HELENA — Montana Gov. Steve Bullock said Thursday that he will consult with the state’s Native American leaders before fulfilling any future requests for law-enforcement assistance at the site of an oil pipeline protest near a reservation in North Dakota.
Conditions near the Standing Rock Sioux Reservation have changed since he approved the last request from North Dakota in October as part of a compact between states to assist in emergencies, Bullock said in a statement. Then, the state sent 10 highway patrol troopers to help police the protest, and those troopers are due to return home on Sunday.
The governor added that he supports President Barack Obama’s call for pausing construction of the $3.8 billion pipeline through North Dakota, South Dakota and Iowa to a shipping point in Illinois.
“My thoughts are with the thousands of people, including Montanans, gathered around Standing Rock in North Dakota,” Bullock said. “Working government to government, we look forward to a quick and peaceful resolution”
Bullock spokeswoman Ronja Abel said Bullock released the statement to quell rumors circulating on social media that Montana planned to send additional law-enforcement personnel. “The governor wants to make sure that all parties involved have accurate and appropriate information about the facts regarding the situation at Standing Rock in North Dakota,” she said.
Officials from Montana’s Native American tribes contacted the governor’s office after the state sent its troopers to North Dakota last month. “Our discussions have been varied, and we have appreciated all of them,” Abel said.
Clashes between police and protesters trying to stop construction of the pipeline have resulted in more than 400 arrests since August.
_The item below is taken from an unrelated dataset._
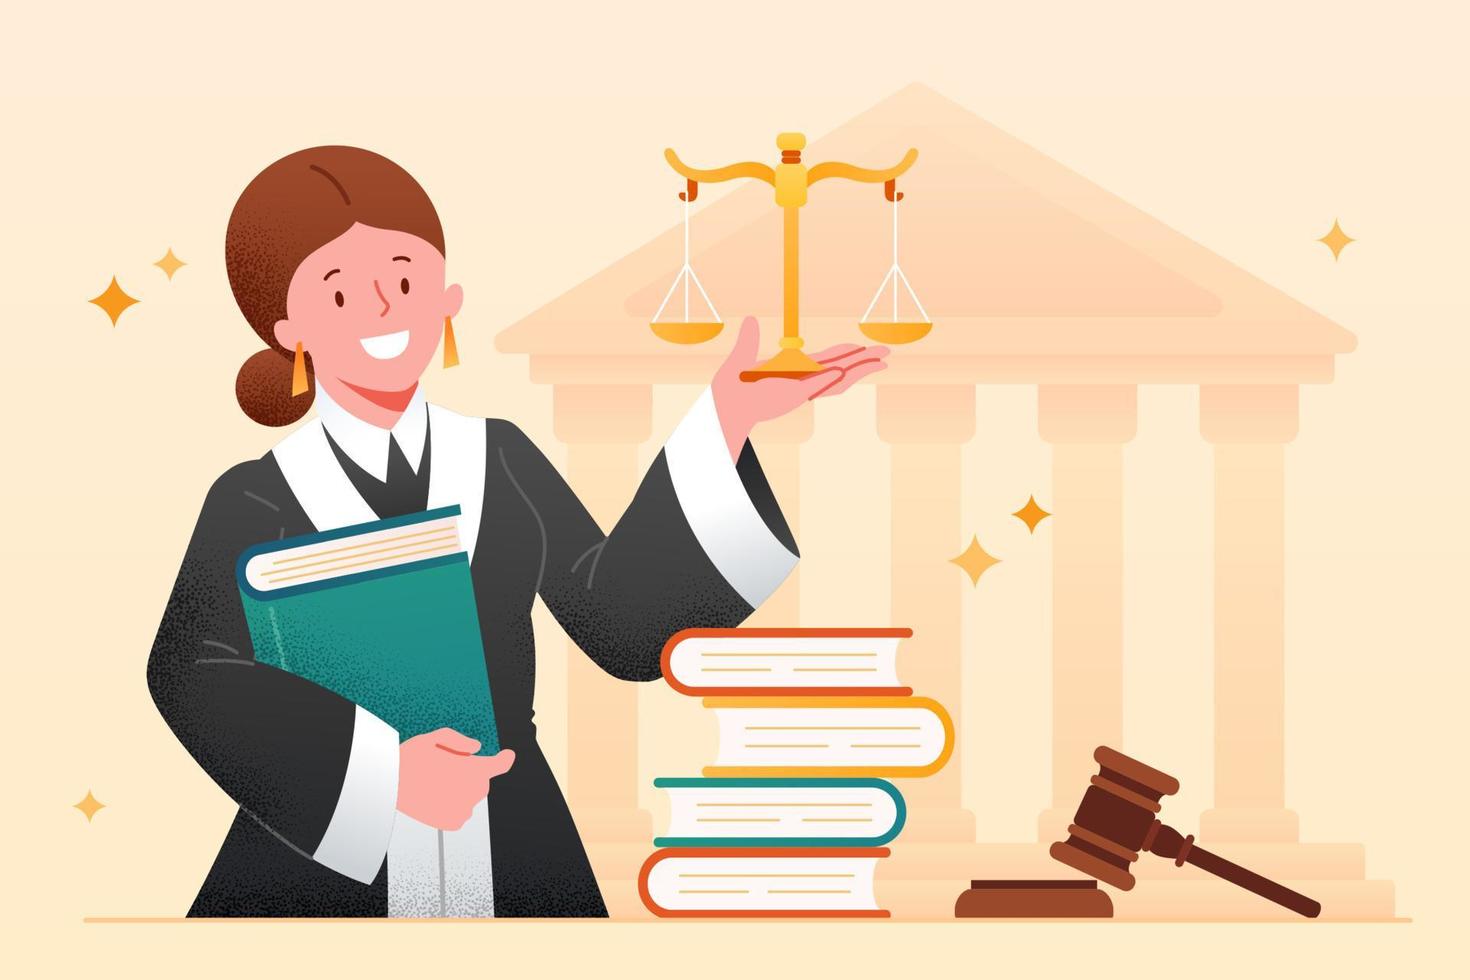 Female lawyer Flat vector illustration. Woman judge with books and scales of justice, court building in background.

Last week, police used pepper spray on dozens of protesters trying to cross a stream to property owned by the pipeline developer and where officers previously cleared a protester encampment.
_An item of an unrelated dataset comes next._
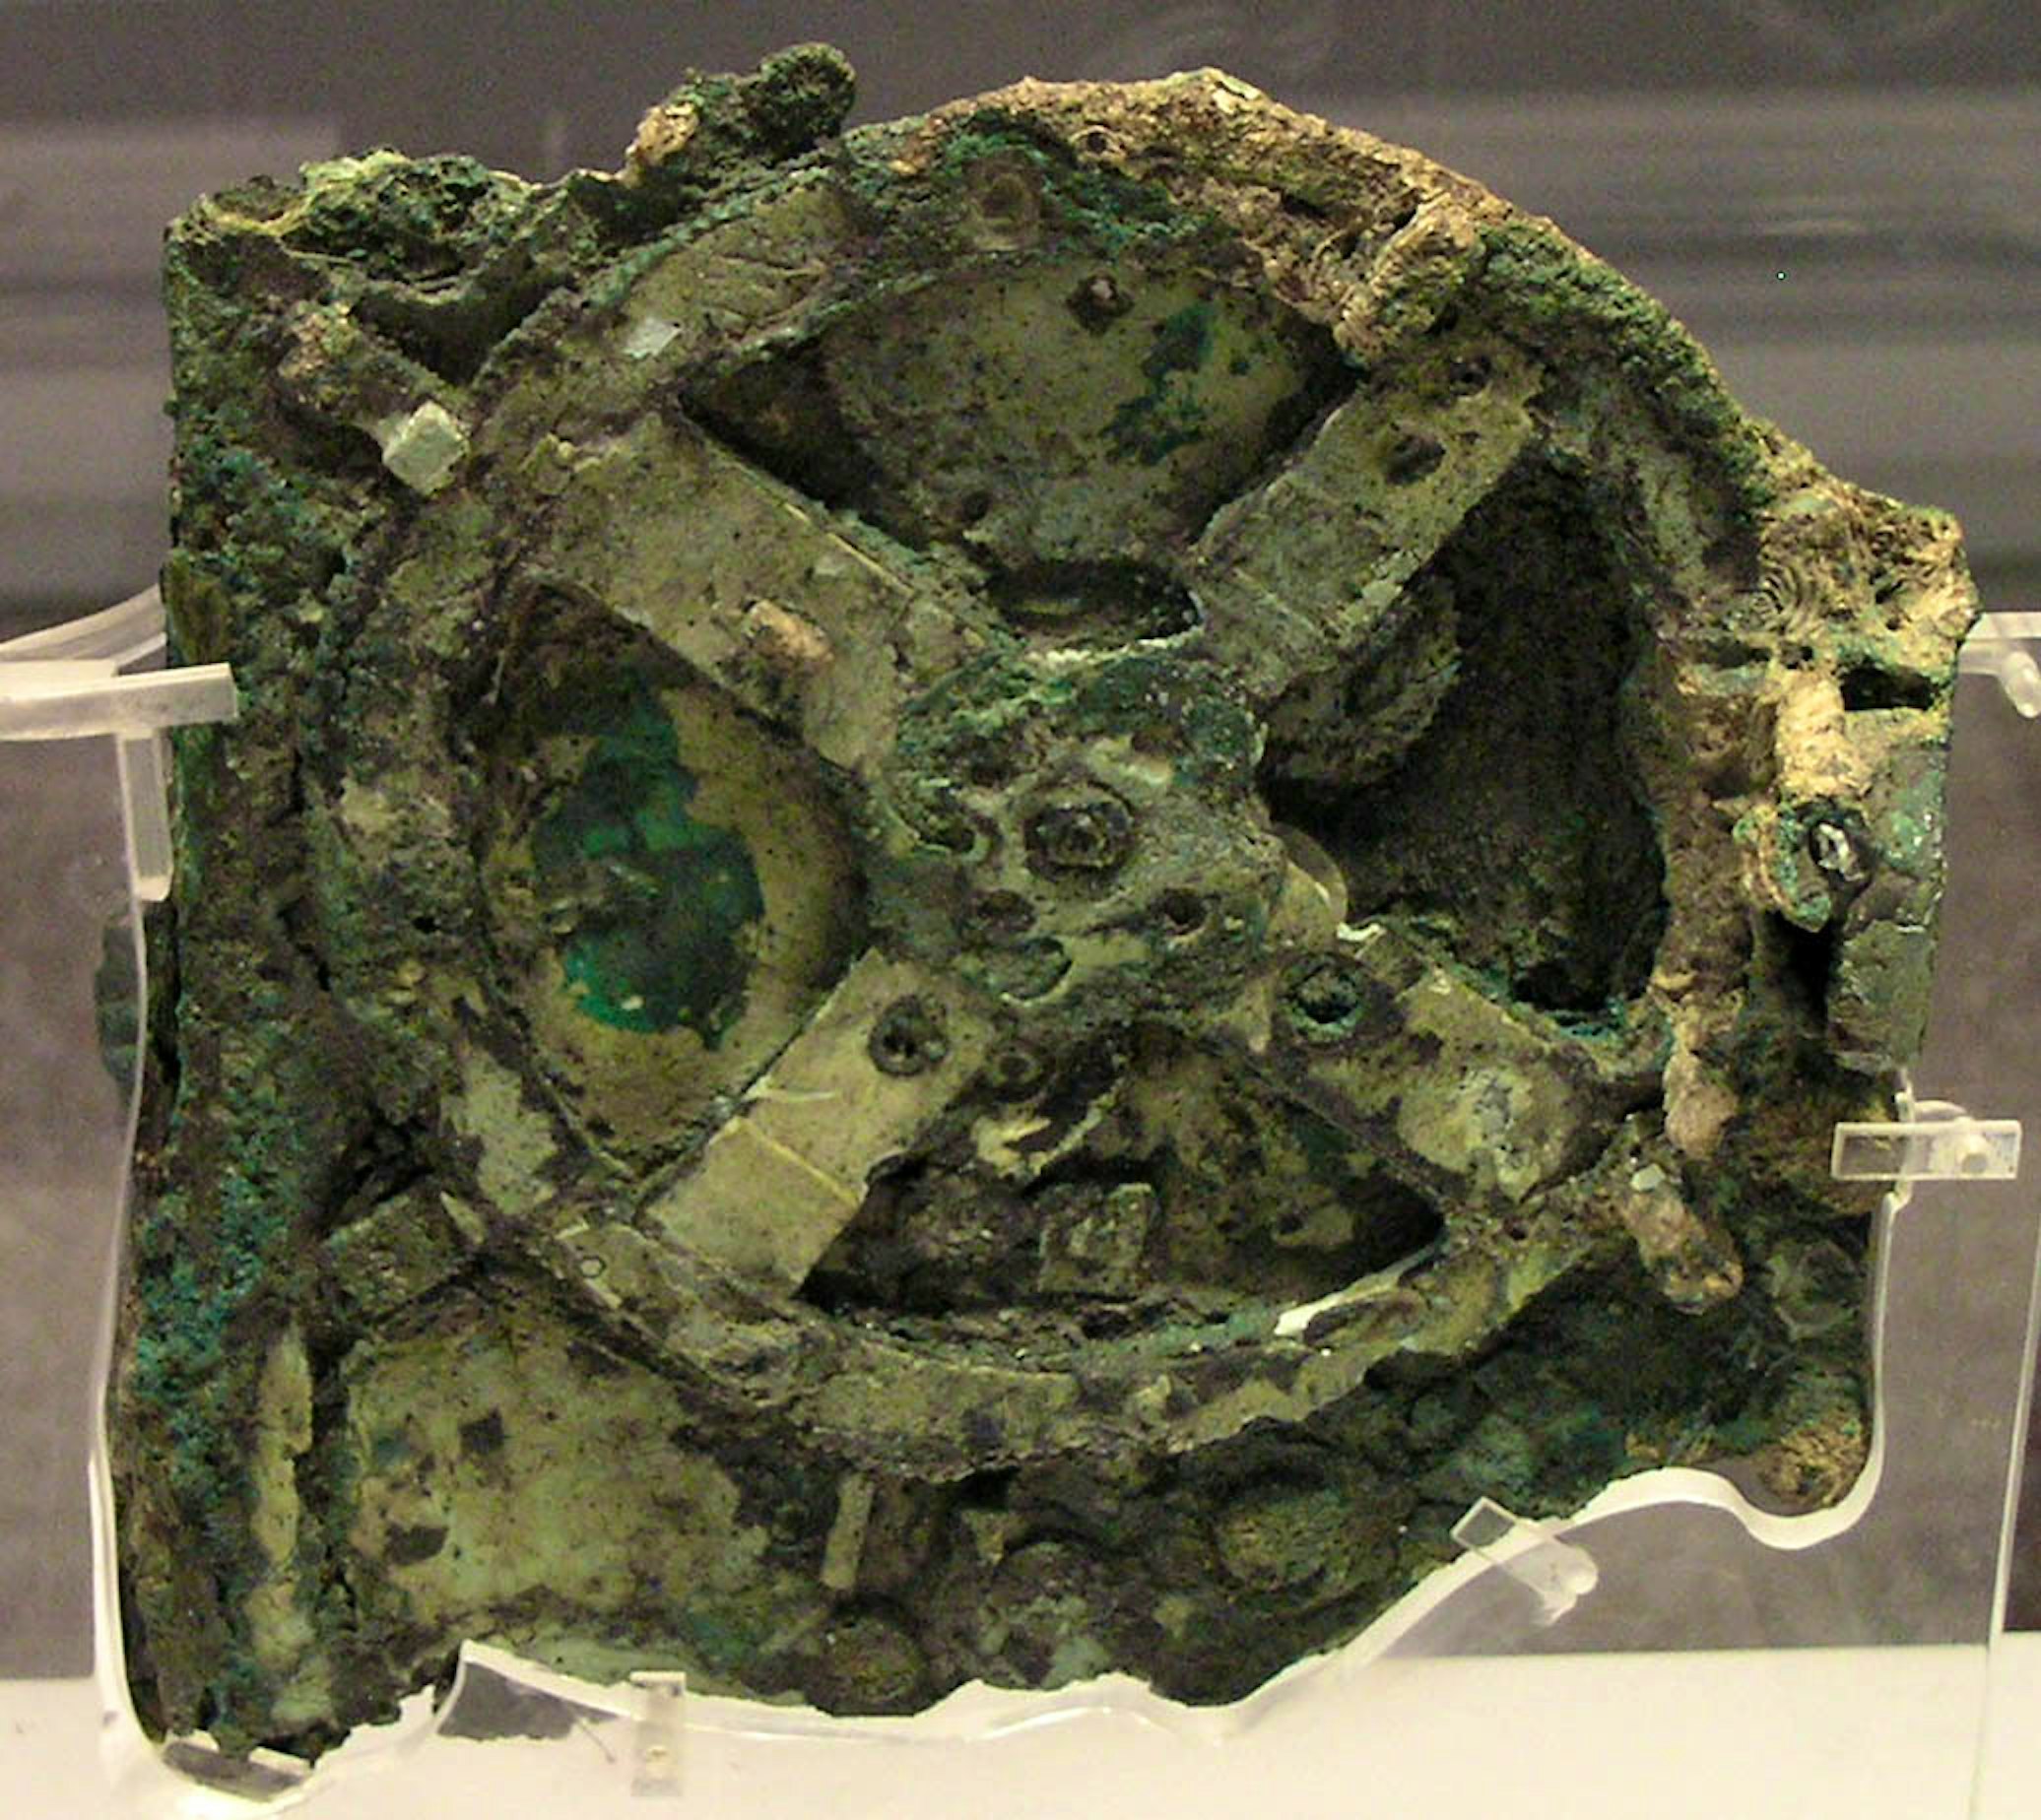 The Antikythera mechanism was discovered in 1901.

Gallatin County Sheriff Brian Gootkin had announced plans to take four deputies to the protest, but then canceled them after receiving numerous calls and emails by people urging him not to do so. “I serve the people, and the people have spoken” Gootkin told the Bozeman Daily Chronicle.
Wyoming also has drawn fire from tribal leaders for sending six troopers to the protests last month. Gov. Matt Mead previously said sending the troopers represented only a desire to extend emergency help to another state and didn’t signal that Wyoming had taken a position on the pipeline controversy.
Those troopers returned home on Wednesday.
Capt. Shawn Dickerson, co-commander of the Special Services Squad at the Wyoming Highway Patrol, said the troopers did not use any force against the protesters “beyond normal crowd control movements.”
Wyoming officials said there are no plans to send more troopers.